**What you should do**
Transcribe, word for word, only the lines from the one containing "Benchmade - Tactical" through the end of the material below. Pictures stay out.
==== Data ====
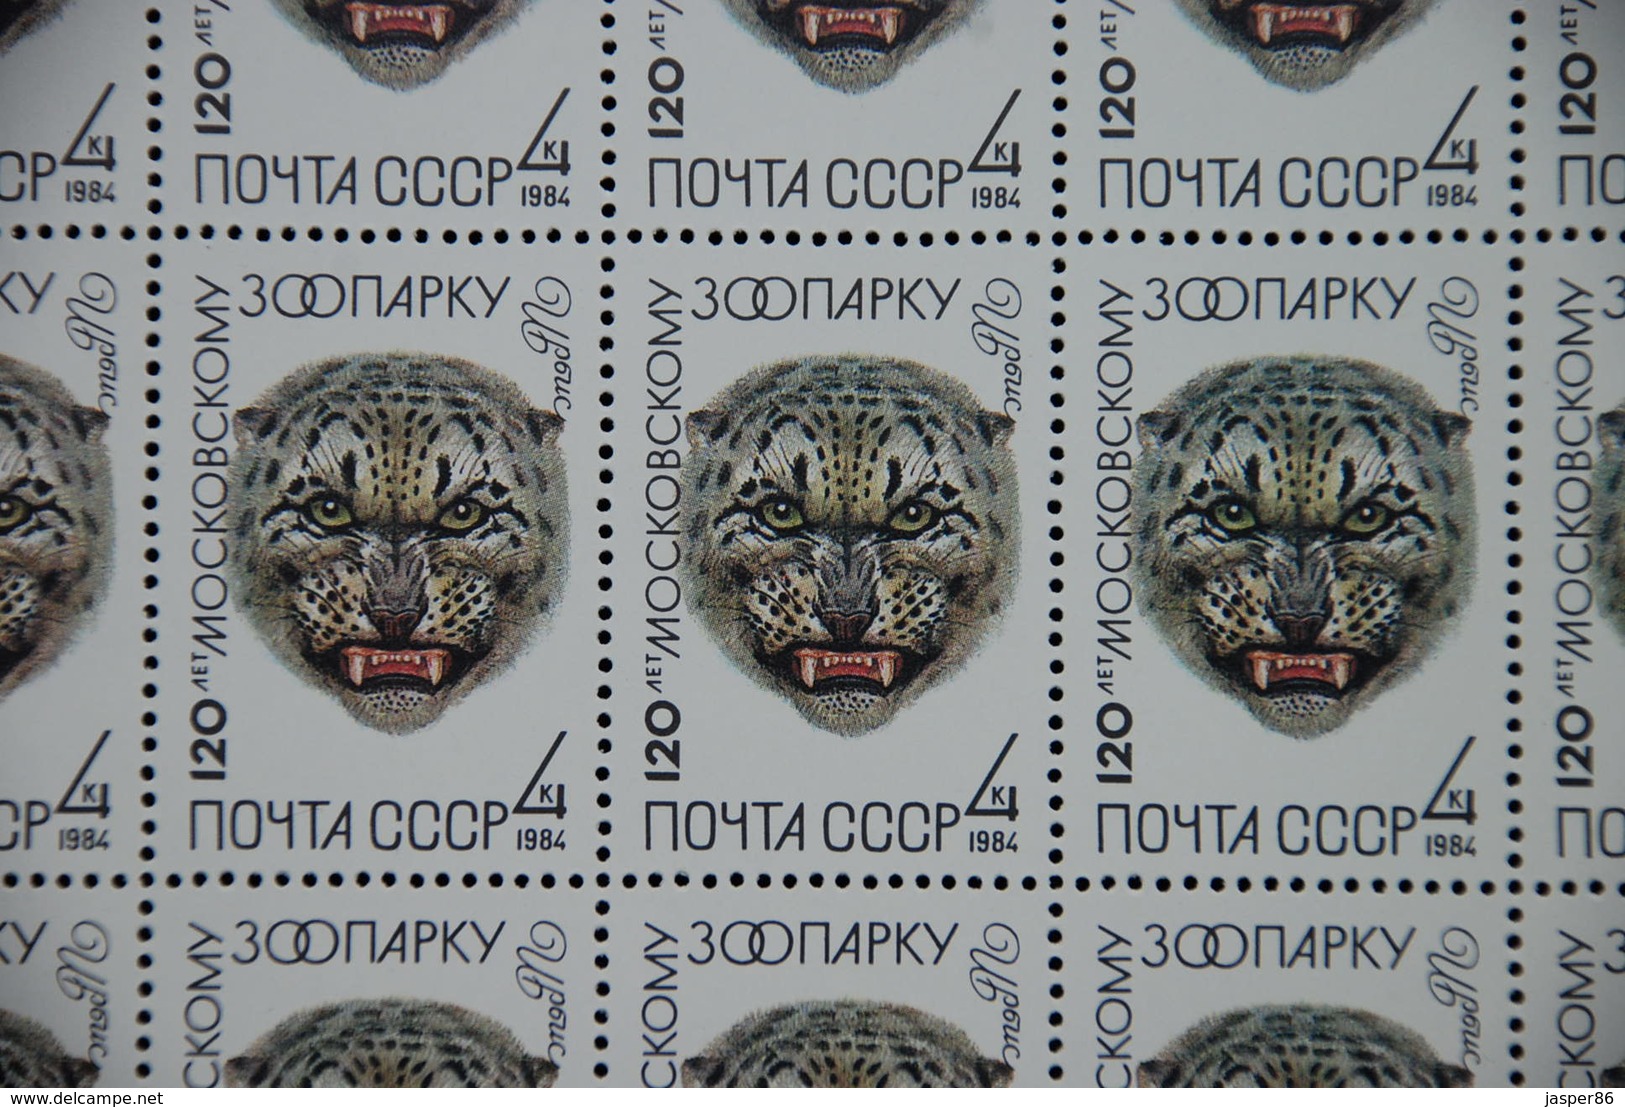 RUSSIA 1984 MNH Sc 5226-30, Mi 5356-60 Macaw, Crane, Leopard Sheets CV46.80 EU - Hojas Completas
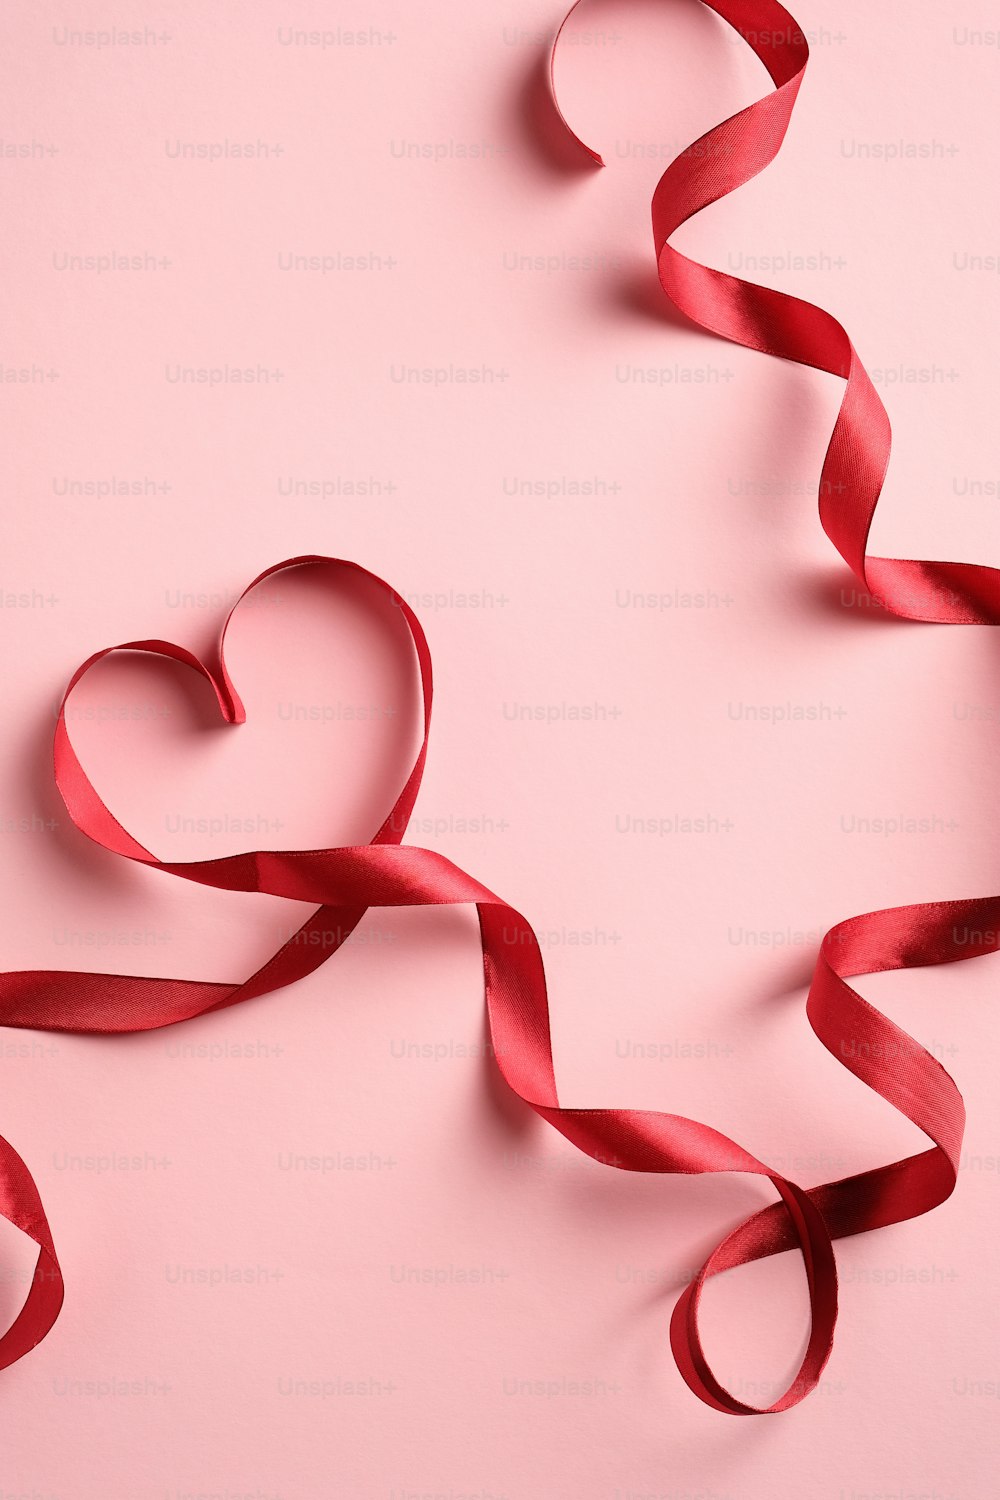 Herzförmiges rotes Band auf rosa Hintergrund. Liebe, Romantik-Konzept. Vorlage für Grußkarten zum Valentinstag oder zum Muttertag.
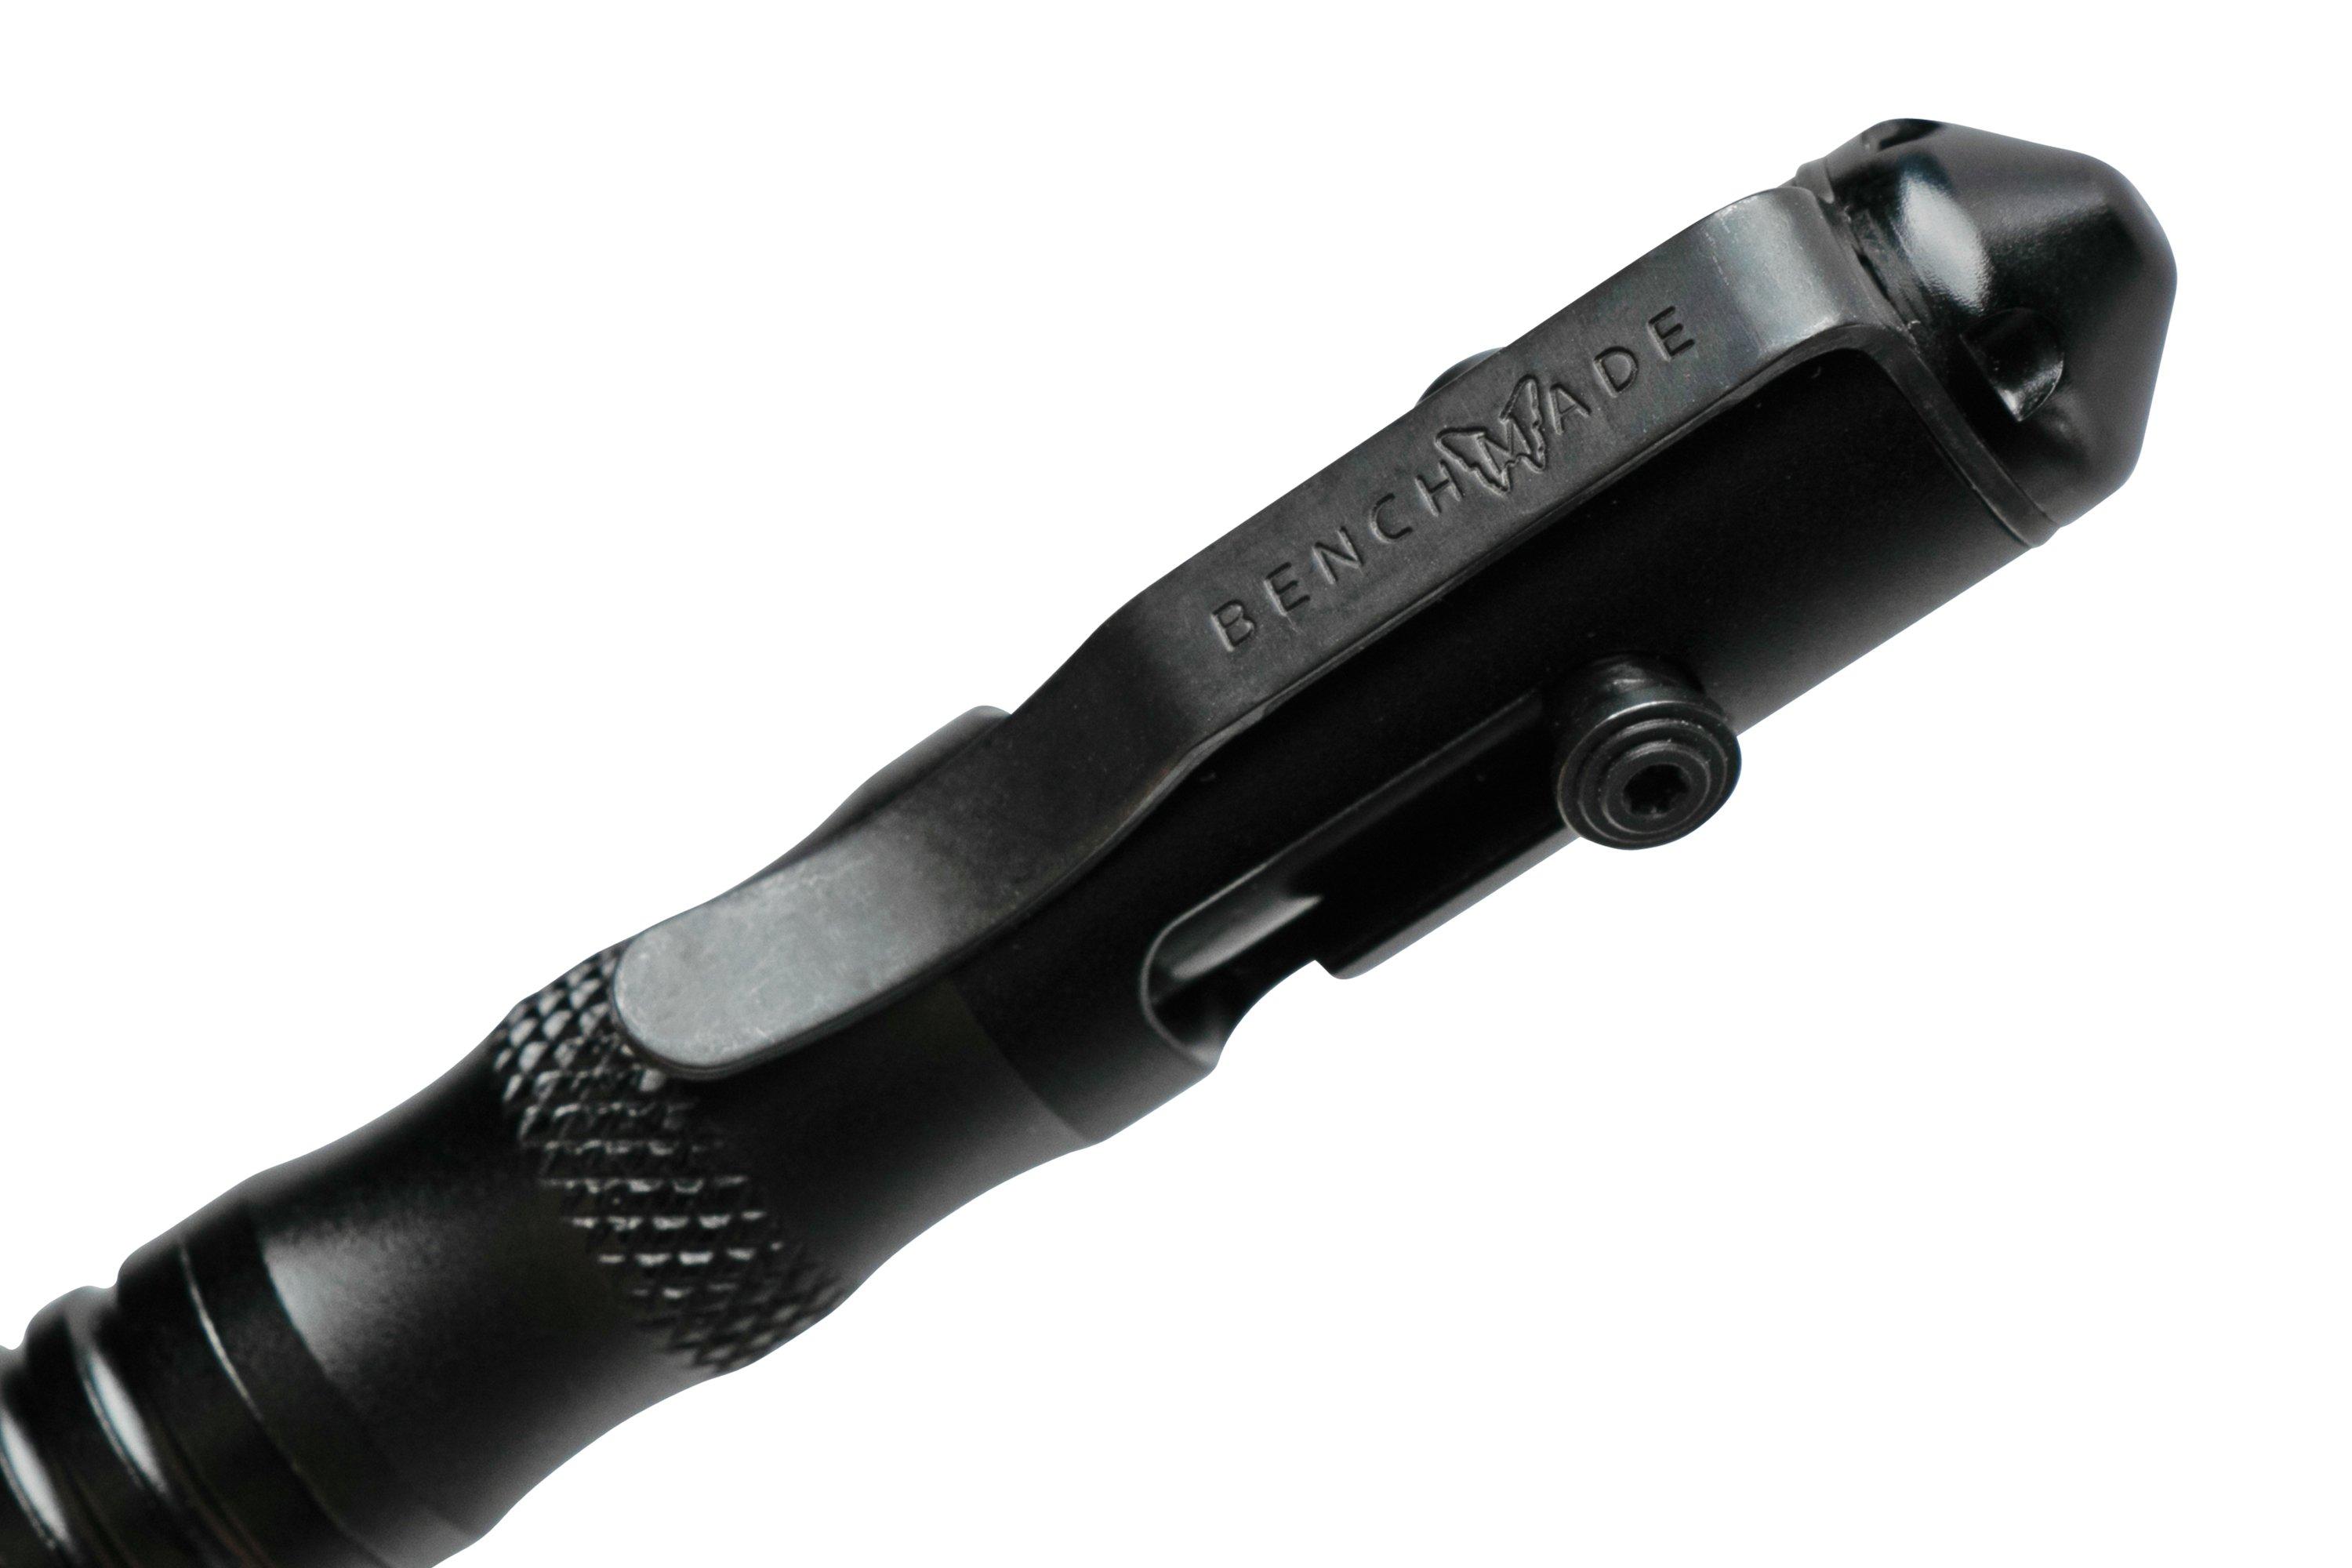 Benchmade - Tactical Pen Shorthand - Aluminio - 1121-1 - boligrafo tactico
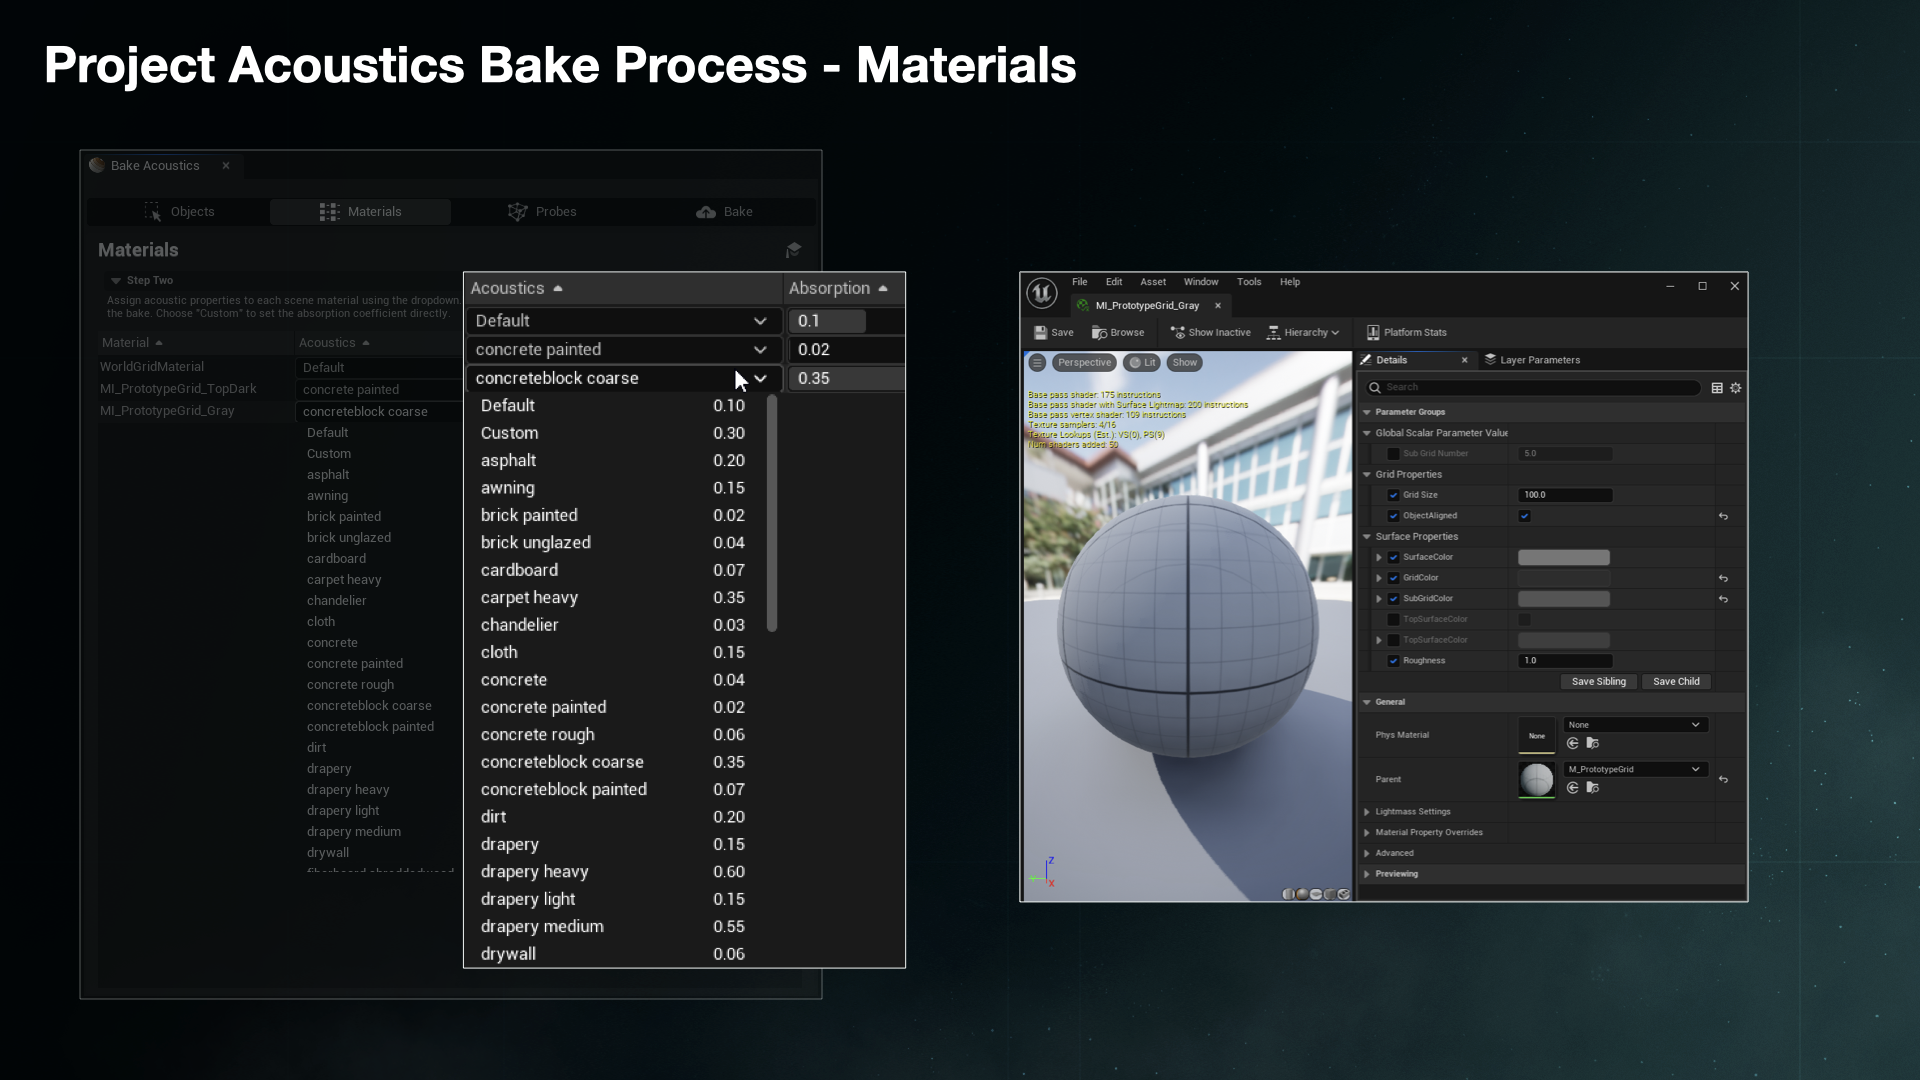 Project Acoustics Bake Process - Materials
====
**Response to this task**
 Benchmade - Tactical Pen Shorthand - Aluminio - 1121-1 - boligrafo tactico
 Project Acoustics Bake Process - Materials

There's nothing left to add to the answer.